Acosta nunca dejó de defender esta opinión, y en sendas cartas y consejos vuelve sobre este tema. No es un punto marginal en la acción misionera. Es parte integrante de la práctica pastoral entre indígenas, y una pieza maestra en el desarrollo de la vida cristiana en América. La expresión teológica de la visión de la misión en Acosta en ella se concentra: “La experiencia misma lo ha demostrado ampliamente. Cuantos indios comulgan hasta hoy de manos de nuestros Padres (que han acometido con riesgo esta empresa con oposición de todos), descuellan sobre los demás con tal limpieza de vida, con tal temple de espíritu, con tal sentido de la fe y, en fin, con tales inclinaciones en su vida entera, que con razón se asombran los propios sacerdotes y reconocen llanamente que se ven frutos más copiosos y llamativos de este pan súper celestial en los neófitos que en los demás. Y no sin razón, porque nos aventajan en fe y en devoción, y de ello tenemos nosotros mismos sobrada experiencia”.[42]

La «peste idolátrica»

Llama la atención como Acosta enfoca el problema de la idolatría.[43]Utiliza la imagen de la peste. Difícilmente hubiera podido encontrar expresión más elocuente y terrible en ese final del siglo XVI:[44]Esa peste es el mayor de todos los males… principio y fin de toda maldad … un factor de los más deplorables de la condición humana … no hay ningún otro veneno que, una vez bebido, penetre más íntimamente en las entrañas… fornicación y amor de meretrices… enfermedad idolátrica hereditaria…”.[45]

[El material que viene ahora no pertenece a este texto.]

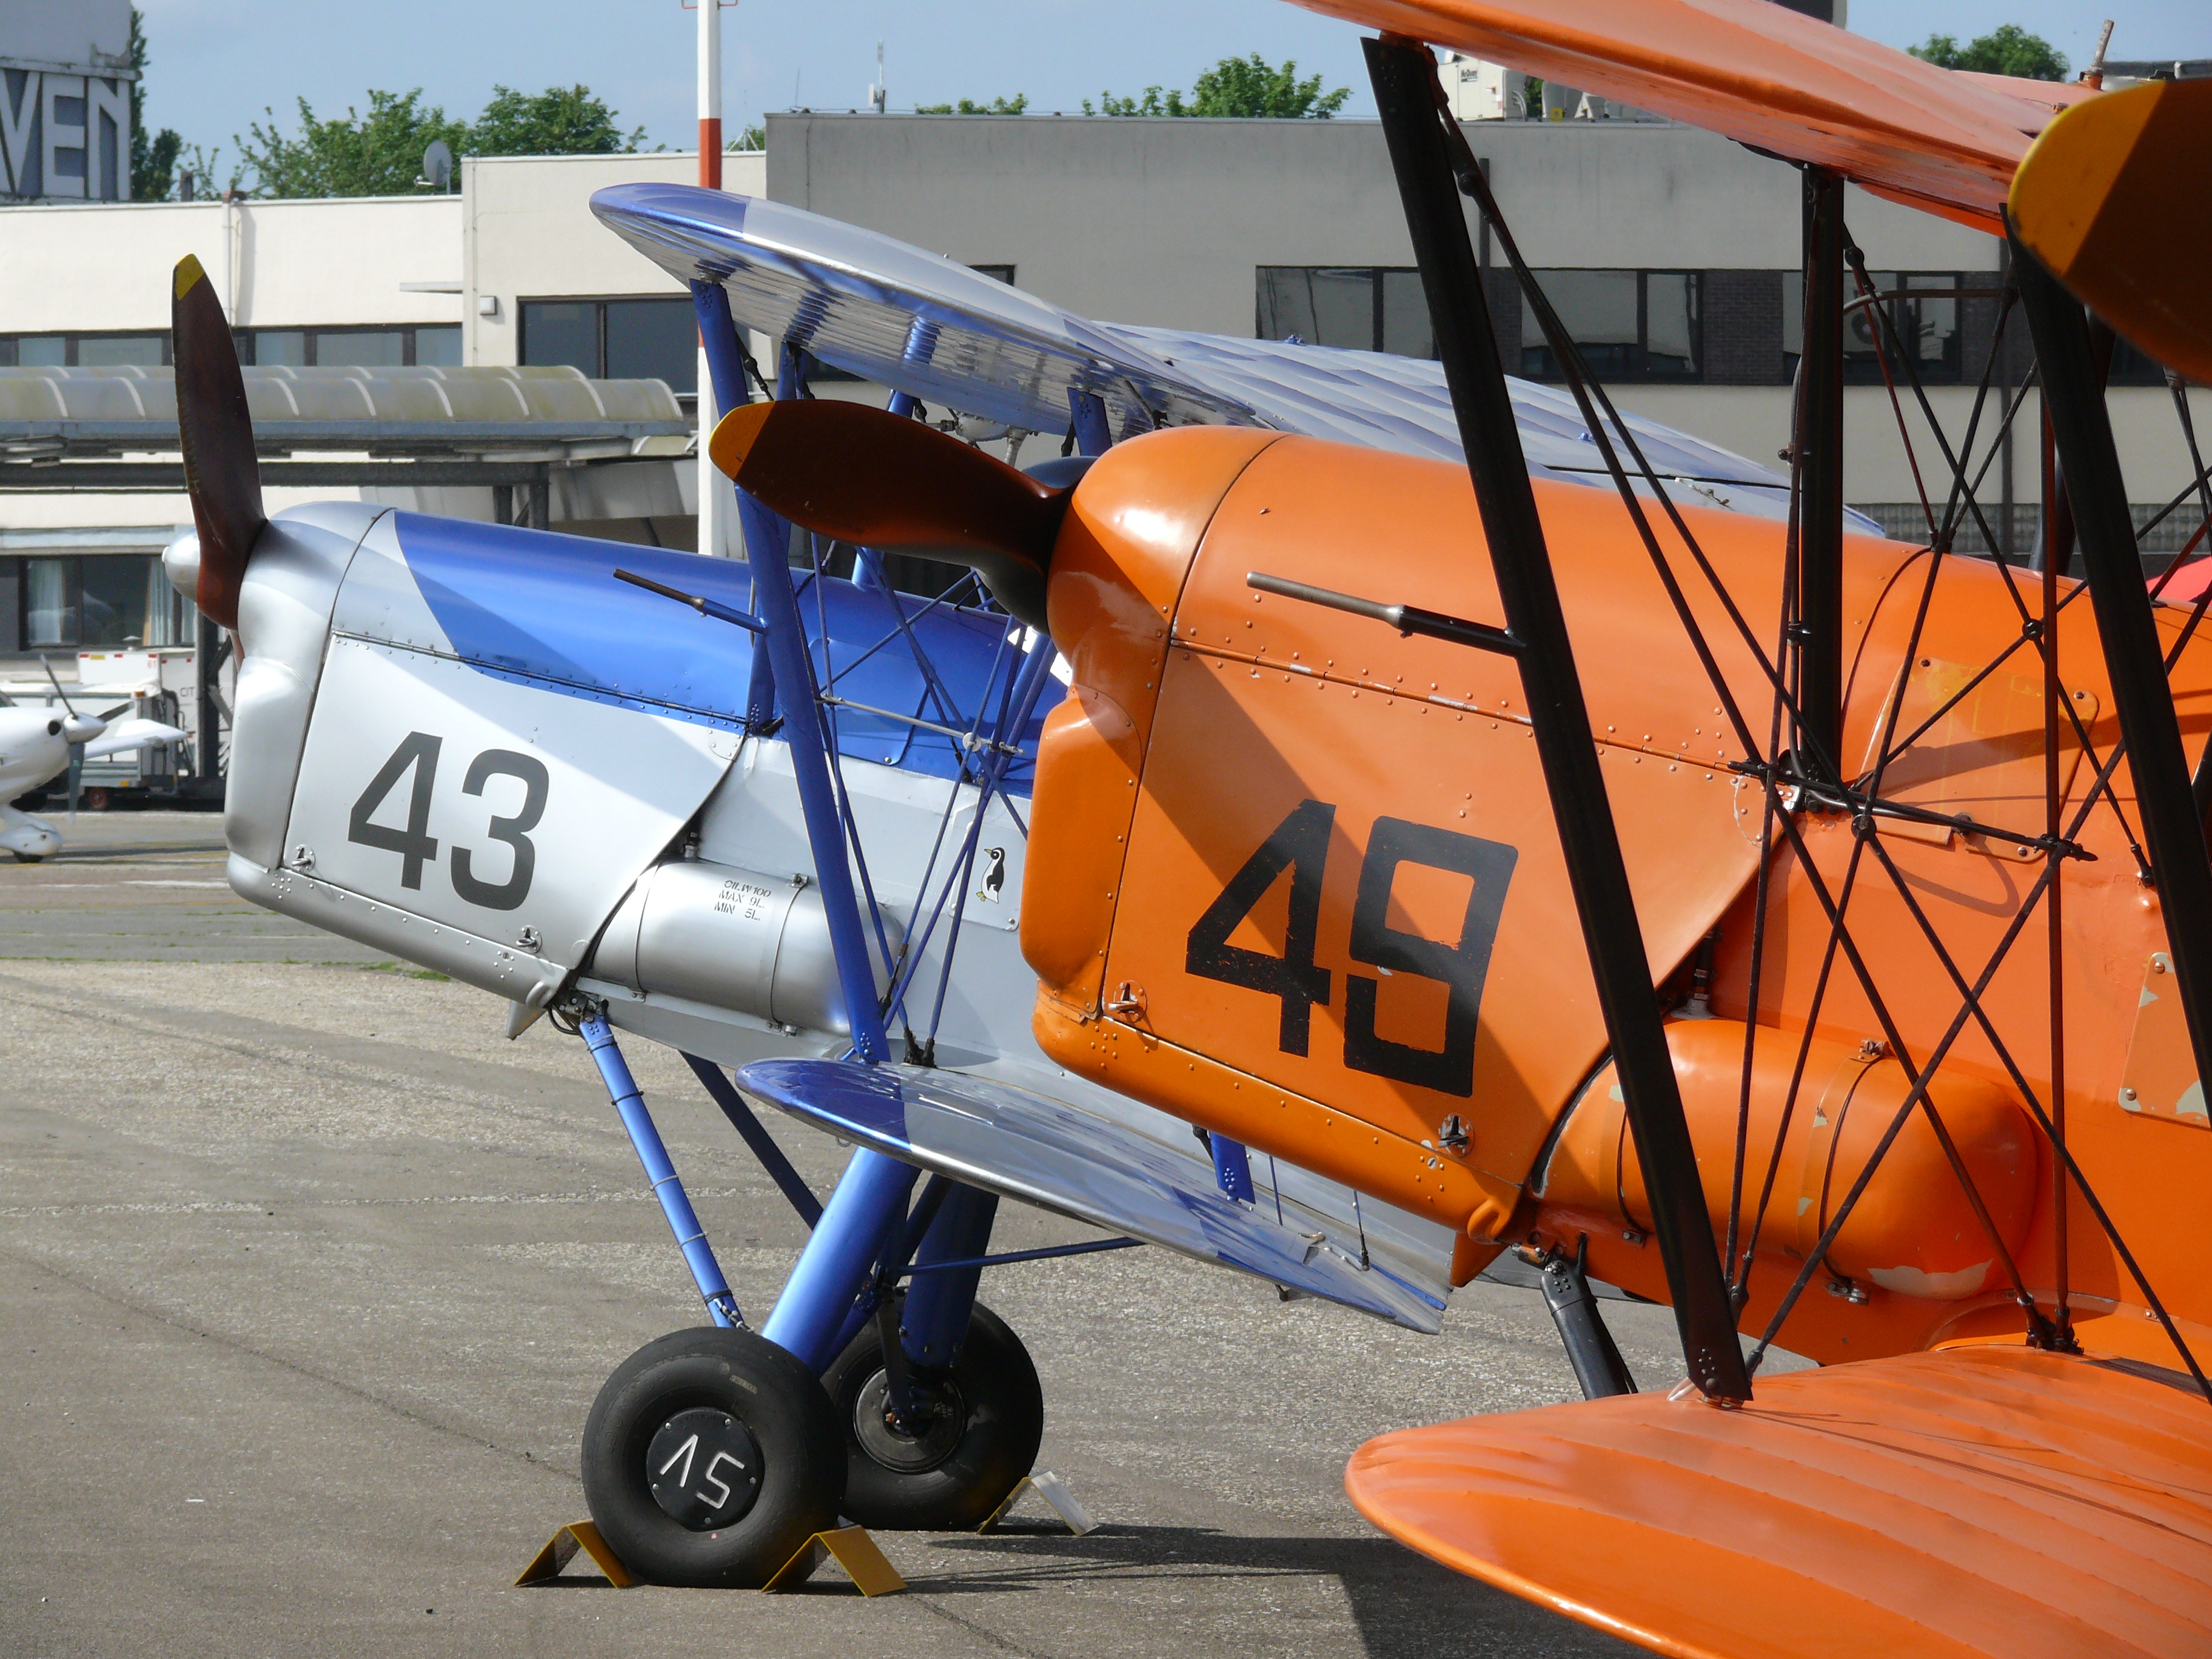 Stampe SV4s at Fly In 03

Todas estas expresiones son muy fuertes. Y todas ellas expresan situaciones sociales y morales de total repudio. La peste es desorden físico y moral, castigo divino y maldición, muerte y desolación. No hay remedio contra ella, y la mejor manera de evitarla es prevenirla. Por eso, todo lo que pueda hacerse para evitarla es bienvenido, aunque para ello haya que recurrir a prácticas drásticas y a castigos ejemplares. De ahí la disciplina rígida y la búsqueda implacable contra la más leve señal de brote pestífero, es decir, idolátrico.[46]

En los años en que Acosta redactaba su texto, los ecos de mortandades sinnúmero ocasionadas por pestes mortíferas eran moneda corriente en Europa.[47]La experiencia española en América ya había sido pretexto para que predicadores religiosos y hombres políticos saquen del contacto entre pueblos, las lecciones que corresponden a las normas higiénicas más adecuadas para evitar enfermedades contagiosas y frenar su expansión.[48]A este propósito, la idea más sobresaliente es la que se refiere al aislamiento de los que se ven afectados por el mal pestífero, mientras se aconseja a los que cuidan el cuerpo de atacar las partes afectadas con remedios de gran eficacia, siendo los que cortan el mal de raíz los más aconsejados. Pero, en esos tiempos, separar el enfermo de su medio familiar o social era un gesto de gran crueldad, y además contrario a las enseñanzas evangélicas donde la figura del leproso aparece como objeto de la piedad de Jesús hacia los perseguidos y abandonados de este mundo. Sin embargo, los estragos que la peste producía eran tan virulentos y rápidos, que las propias palabras de los evangelios se veían oscurecidas por la furia mortal de la enfermedad. La peste rompía con todas las normas sociales y religiosas, y la muerte que sembraba atacaba los propios ritos sagrados y las normas morales que ellos afirman.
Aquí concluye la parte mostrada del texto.